Kithina stopped in her tracks. “Secret plans? What secret plans? Hey, wait up!”
Lysaila waited for them in the empty alley until they were standing next to each other in darkness.
“So what’s this secret plan about? Because if it has anything to do with Captain Greyson he’ll probably end up charging us more gold,” Callum said.
“No, it’s not that. Listen closely,” Lysaila leaned in and whispered. “The truth is—” Her azure tail suddenly lashed out like a whip into the empty darkness.
A feminine cry rang out behind them and a blot of shadows slammed into the stable’s walls. Lysaila’s tail pulled back and snapped out again for a second blow. The shadowy figure tried staggering to her feet when the hardened scales smacked into her once more and sent her careening into the snow.
“What the fuck!? What is that!?” Callum cried out in alarm.
“This pesky rat has been following us for the last two days.” Lysaila coiled her tail around the dazed figure and pulled her into the light of the nearby stable torches.
The shadows melted away under the firelight, revealing a battered drow woman. Her split lip was scarlet red with blood and her cheeks were already beginning to swell from where Lysaila had first struck.
“A black mage spy? From my family?” Callum muttered worriedly.
“We’ve been being followed for two days and you only tell us now?” Kithina frowned.
Lysaila shrugged, “If I had told you sooner you would have run straight at her and she would have scurried away before any of us could have gotten answers.” Lysaila smiled hungrily like a predator eyeing its prey, “No, to catch a rat like this you have to be patient, let it come close, and then lure it even closer with bait, like the whispers of a secret plan.”
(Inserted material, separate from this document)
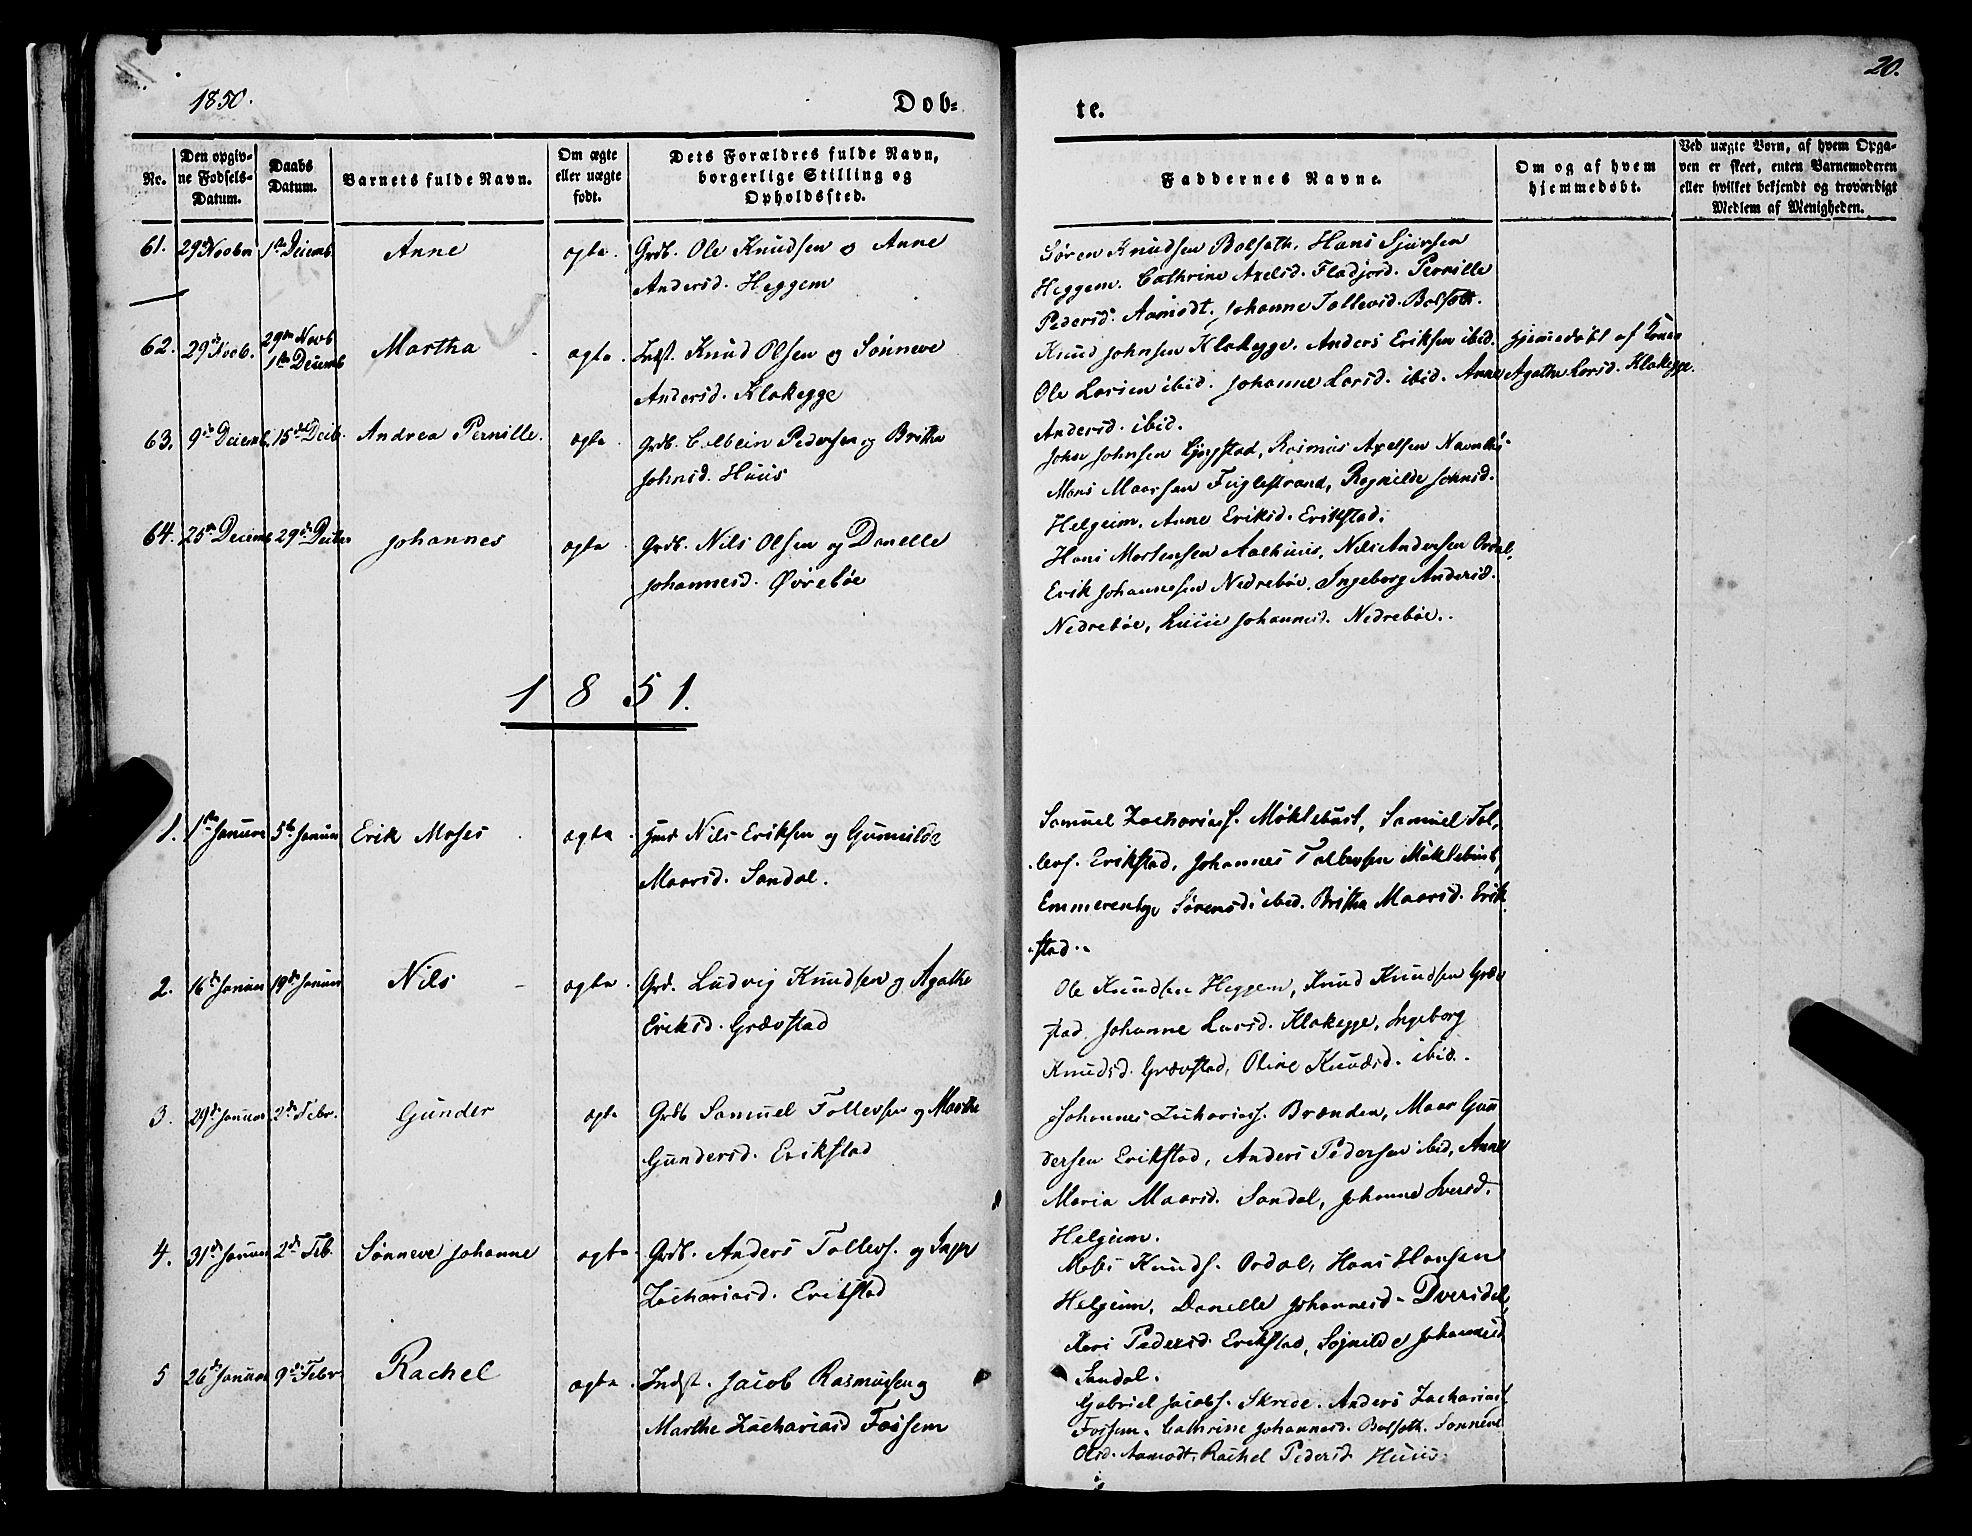 SAB, Jølster Sokneprestembete, H/Haa/Haaa/L0010: Ministerialbok nr. A 10, 1847-1865, s. 20

Mary looked up at Lysaila grimly and gritted her teeth, “...Do your worst.”
Lysaila laughed warmly and then her eyes suddenly grew cold, “You couldn’t handle my worst, rat.”
“Did my sister send you?” Callum asked.
“Who else knows we’re here?” Kithina asked.
Mary spat a glob of blood and spit on the snow, “I would rather die than tell you anything.”
Lysaila smirked, “Die?” She pulled Mary close with her tail until they could feel the warmth of each other’s breath. “Your survival was never a matter of debate. You are going to die tonight.” She licked the blood across the drow’s lips with her forked tongue and savored the flavor with a smile. “For a rat, you’re quite— tasty.”
Mary shivered and tried to lean away but the lamia’s tail held her tight.
“Stop trying to scare her,” Kithian said dryly.
“Oh, there’s no need for me to try that,” Lysaila grinned hungrily. “I can hear her heart beating like a drum. She’s already terrified of me.”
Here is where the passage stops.